ダイレクトデプロイメントエンジンは独自の JSON 状態ファイルを使用します。スキーマは Terraform JSON 状態ファイルとは異なります。bundle deployment migrateコマンドは、Terrform 状態ファイル ( terraform.tfstate ) を直接デプロイメント状態ファイル ( resources.json ) に変換します。このコマンドは、既存のデプロイメントから ID を読み取ります。

  1. Terraform を使用して完全なデプロイメントを実行します。

    Bash
    databricks bundle deploy -t my_target
  2. デプロイメントを移行します。

    Bash
    databricks bundle deployment migrate -t my_target
  3. 移行が成功したことを確認します。databricks bundle planコマンドは成功し、変更は表示されません。

    Bash
    databricks bundle plan -t my_target
    • 検証に失敗した場合は、新しい状態ファイルを削除します。

      Bash
      rm .databricks/bundle/my_target/resources.json
    • 検証が成功したら、バンドルをデプロイして状態ファイルをワークスペースに同期します。

      Bash
      databricks bundle deploy -t my_target

新しいバンドルを直接デプロイする

状態ファイルがないため、 bundle migrateコマンドは一度もデプロイされていないバンドルでは機能しません。代わりに、 DATABRICKS_BUNDLE_ENGINE環境変数を設定してデプロイします。

Bash
DATABRICKS_BUNDLE_ENGINE=direct databricks bundle deploy -t my_target

ダイレクトデプロイメントエンジンの変更点は何ですか?

新しいダイレクトデプロイメント エンジンは、Terrform デプロイメント エンジンとほぼ同じように動作しますが、いくつか違いもあります。具体的には、ダイレクト エンジンはリソースのローカルとリモートの状態を個別に追跡し、リソースの置換を 2 つのステップで解決します。

リソース状態の差分計算

単一のリソース状態 (ローカル構成とリモート状態の組み合わせ) を維持する Terraform とは異なり、新しいエンジンはこれらを個別に保持し、状態ファイルにローカル構成のみを記録します。

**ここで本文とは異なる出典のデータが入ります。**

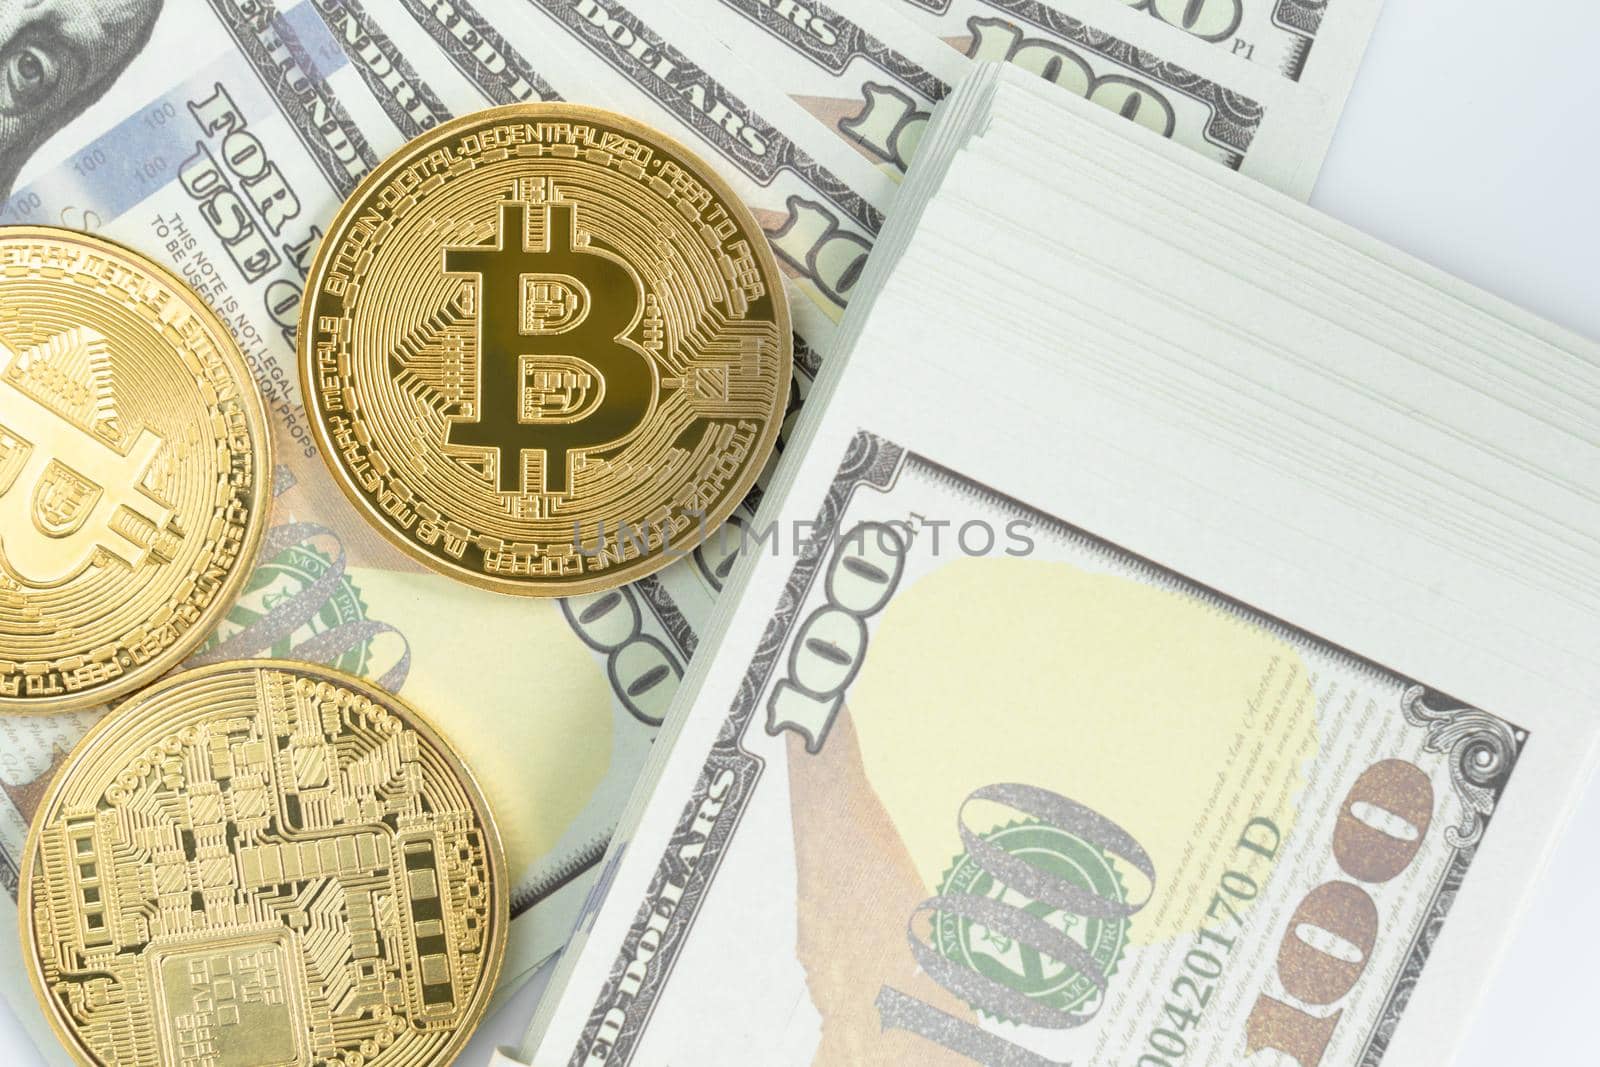 Bitcoins coin and  US banknotes of one hundred dollars. Close up of metal shiny bitcoin crypto currency coins and US dollar

リソースの状態差分の計算は、次の 2 つのステップで実行されます。

  1. ローカル バンドル構成は、最新のデプロイメントに使用されたスナップショット構成と比較されます。リモート状態は役割を果たしません。
  2. リモート状態は、最新のデプロイメントに使用されたスナップショット構成と比較されます。

結果は次のようになります。

  • databricks.yml リソースの変更は無視されることはなく、常に更新がトリガーされます。
  • 実装によって処理されないリソース フィールドでは、矛盾した結果エラーは発生しません。これらのリソースは直接エンジンによって正常にデプロイされますが、ドリフトが発生する可能性があります。デプロイされたリソースは、次の計画またはデプロイ時に更新されます。

リソース代替検索

リソース置換は、リソース ID を解決するために使用できます (例: ${resources.jobs.my_job.id} )。 「置換」を参照してください。直接デプロイメント エンジンでのリソース置換の解決は、次の 2 つのステップで実行されます。

  1. ローカル構成内に存在するフィールドを指す参照は、ローカル構成で提供される値に解決されます。
  2. ローカル構成に存在しない参照は、リモート状態から解決されます。これは、特定のリソースに対して適切なGETリクエストを使用して取得された状態です。

${resource.*}置換を解決するために使用されるスキーマは、ファイルout.fields.txtにあります。ALLおよびSTATEとしてマークされたフィールドは、ローカル解決に使用できます。ALLまたはREMOTEとしてマークされたフィールドは、リモート解決に使用できます。